Tekella absidata
- Conservation status: Not Threatened (NZ TCS)

Scientific classification
- Domain: Eukaryota
- Kingdom: Animalia
- Phylum: Arthropoda
- Subphylum: Chelicerata
- Class: Arachnida
- Order: Araneae
- Infraorder: Araneomorphae
- Family: Cyatholipidae
- Genus: Tekella
- Species: T. absidata
- Binomial name: Tekella absidata Urquhart, 1894

= Tekella absidata =

- Authority: Urquhart, 1894
- Conservation status: NT

Species of spider

Tekella absidata is a species of Cyatholipidae spider endemic to New Zealand.

==Taxonomy==
This species was described in 1894 by Arthur Urquhart from female specimens.

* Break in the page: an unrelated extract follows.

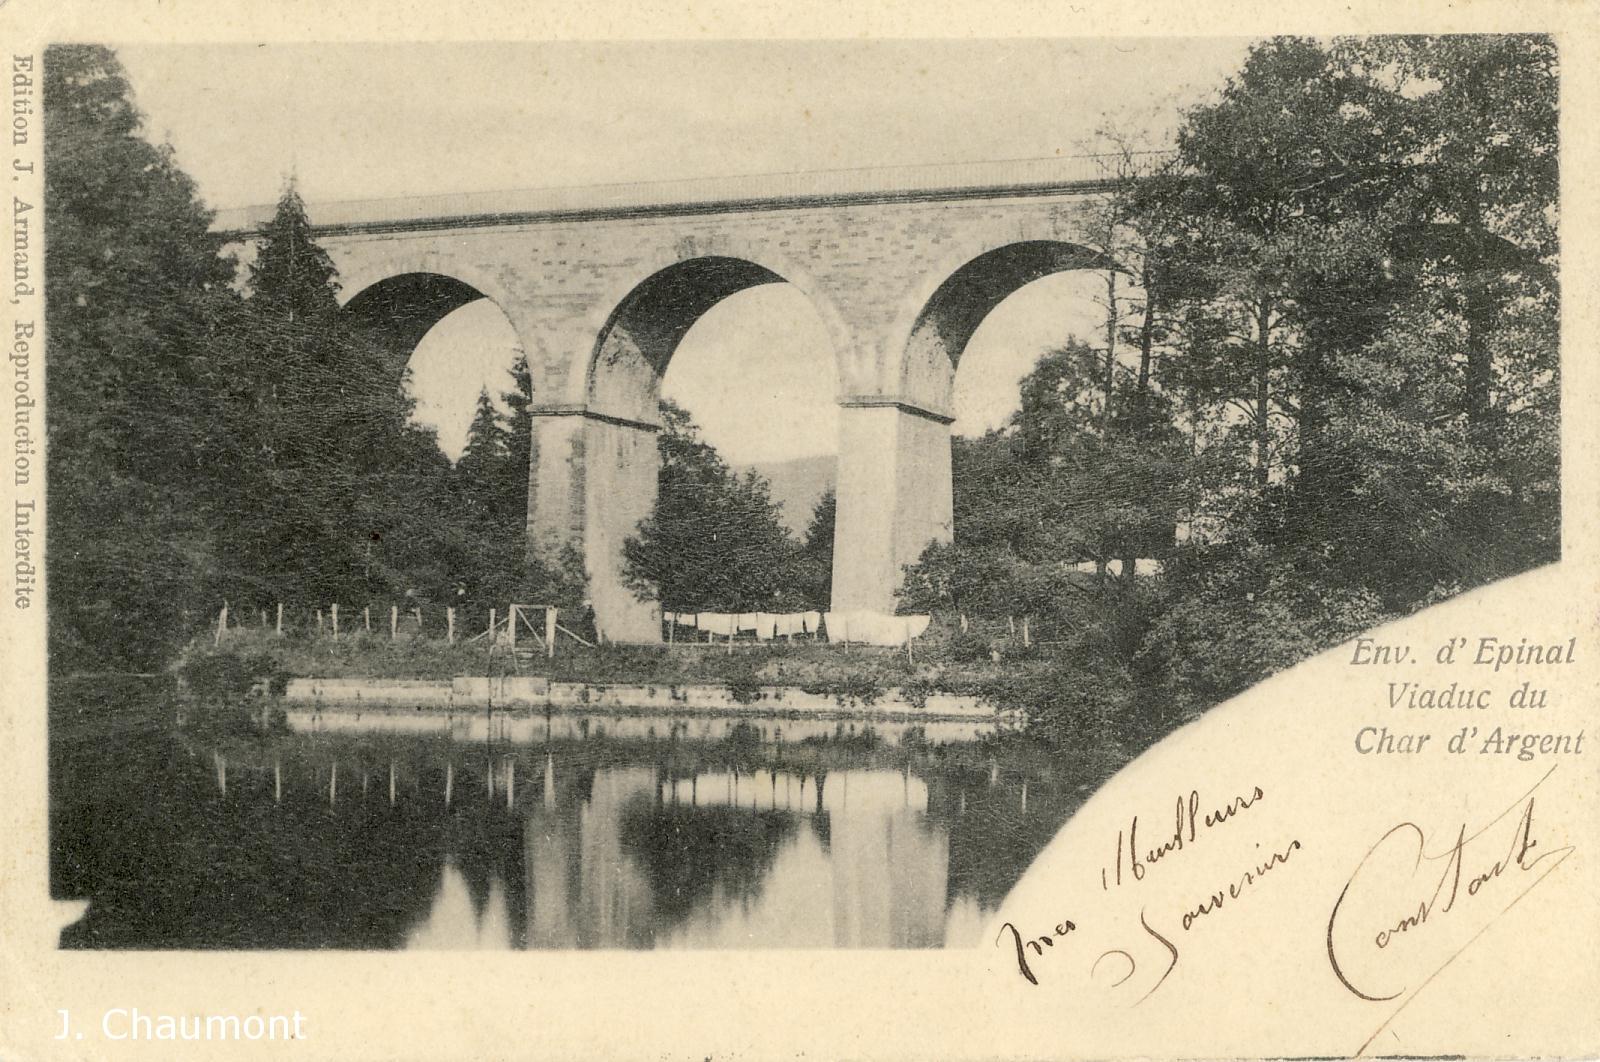 Vue du Viaduc du Char d'Argent en 1903
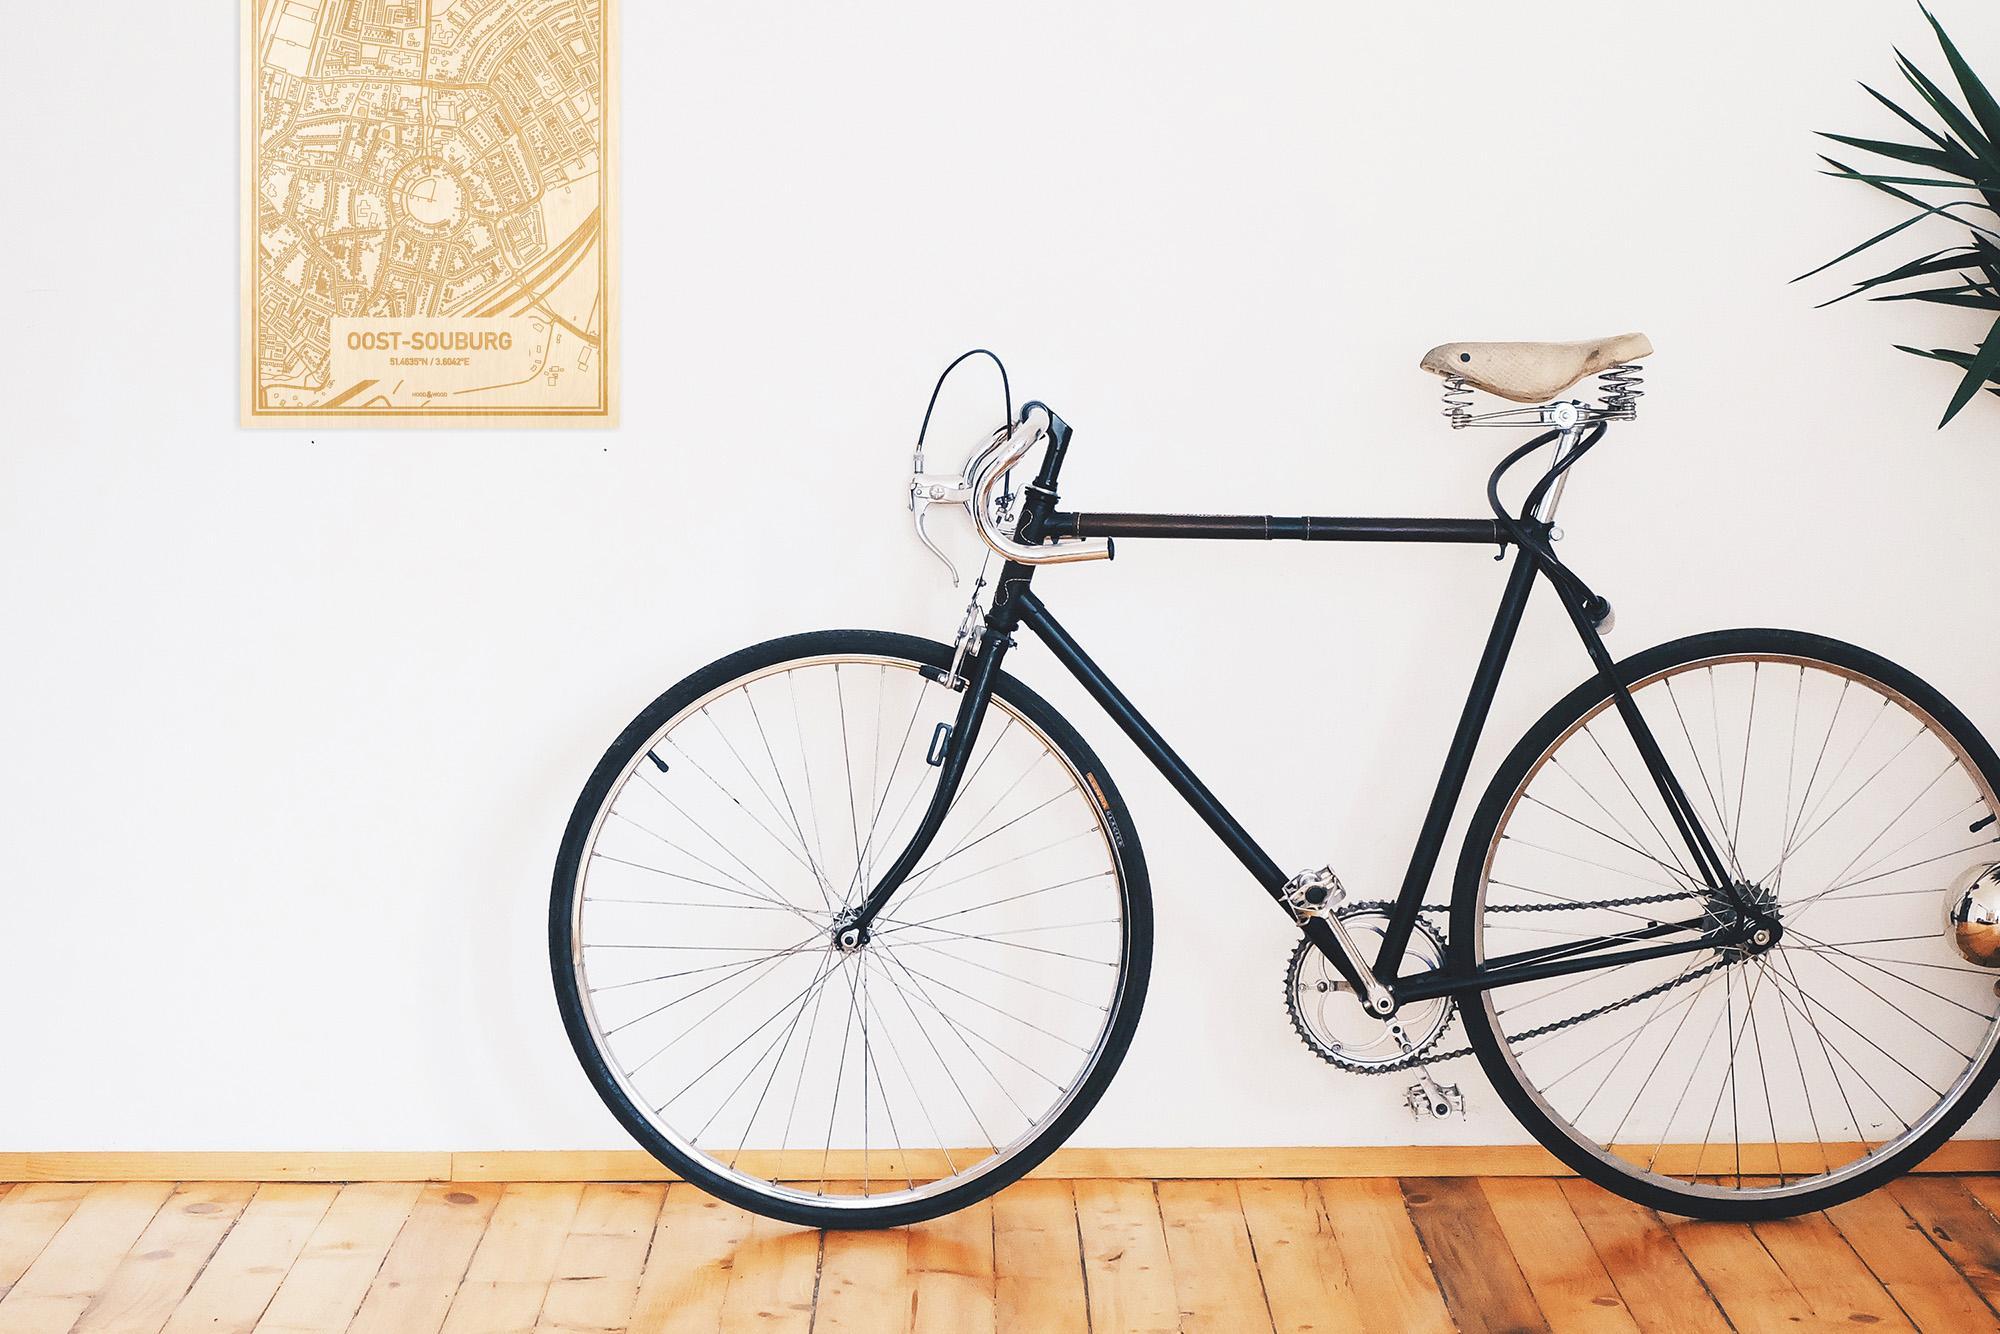 Een snelle fiets in een uniek interieur in Zeeland met mooie decoratie zoals de plattegrond Oost-Souburg.

In 1988, it was revised and the male was described. It was most recently revised in 2001. The holotype is stored in Canterbury Museum.

==Description==
The male is recorded at 2.29mm in length whereas the female is 1.76mm. This species has a dark brown carapace. The abdomen has pale markings dorsally.

==Distribution==
This species is known from Stewart Island and the South Island of New Zealand.

==Conservation status==
Under the New Zealand Threat Classification System, this species is listed as "Not Threatened".